Big news, everyone! Estelle’s beloved dead husband was a heroic cop, and in classic fashion he died just days before his planned retirement — not, in classic fashion, in some dramatic shootout, but from a heart attack, due to overwork. This is clearly Estelle’s trauma plot that explains why she finds Ed’s workaholism so triggering, which, boooooring. I do find the details interesting in terms of the “how old is Estelle exactly” question, though. I think we have to assume from context that Estelle was widowed years ago, since she’s subsequently had time to move to Charterstone, get elder scammed, and date and break up with and get back together with Wilbur multiple times until she finally got permanently sick of his shit. If someone joins the force young, they could retire relatively early, but still, Jimmy has to be at least in his mid 50s in this story, right? Was Estelle on the lower end of a problematic age gap? Where’s that trauma plot, huh?

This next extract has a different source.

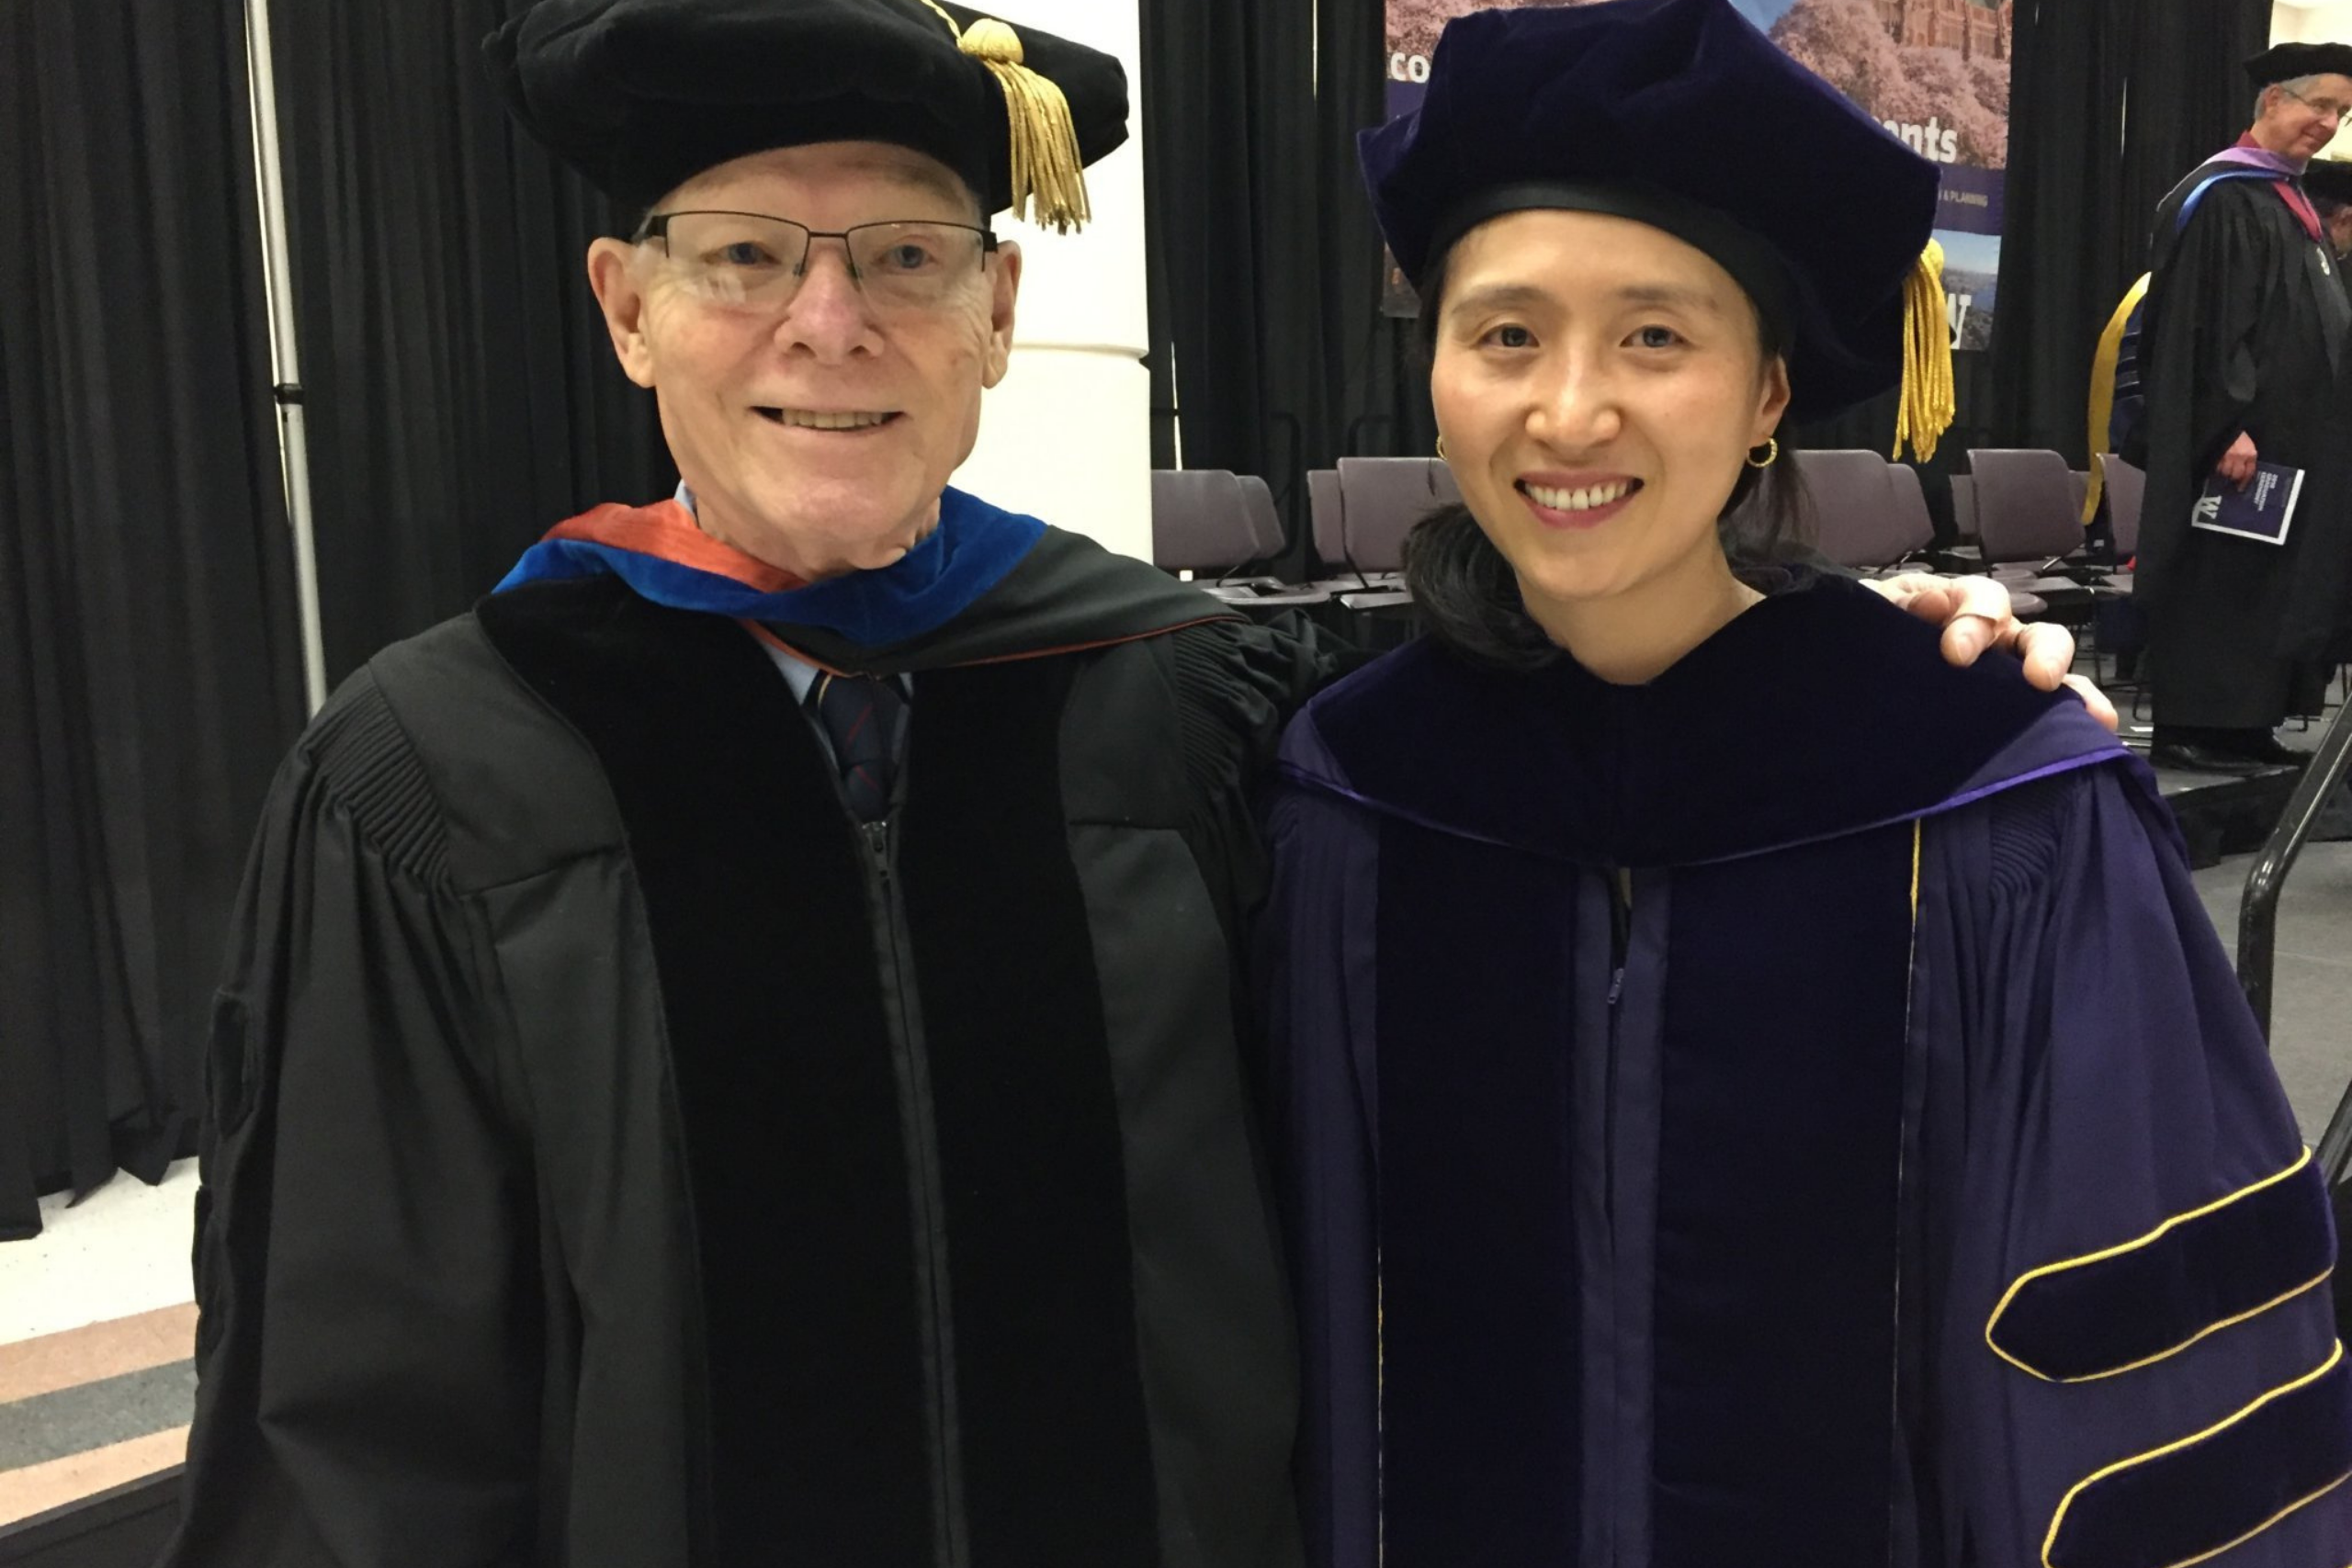 Dr. Bob with a student at graduation

I guess that explains why she doesn’t spend much time hanging out with Iris and Zak socially, though I guess the fact they were present for probably the most embarrassing evening she’s ever had might have something to do with it.

Rex Morgan, M.D., 10/11/24

I just want to remind you that Mud Mountain Murphy didn’t actually shit himself onstage at Lou’s establishment; he merely pretended to do so, so he could promote himself from opening act to headliner. But his simulated act of defecation was so lifelike that Lou vividly remembers Mud “making a mess.” That’s the quality of performer you want if you’re in the entertainment business, honestly.

Dick Tracy, 10/11/24

Imagine if you were sick with worry and guilt about your beloved brother, and you burst into a scene where he lies dead on the ground, and the first reaction from one of the cops there is to cartoonishly pantomime disgust at your B.O.? I honestly am really enjoying this new “Sam Catchem is a monstrous asshole” characterization.

The Phantom, 10/11/24

In other news, not-Elon Musk‘s robot rover has decided to commit suicide rather than listen to more ponderous lecturing from the Phantom. Most relatable thing it’s done, honestly!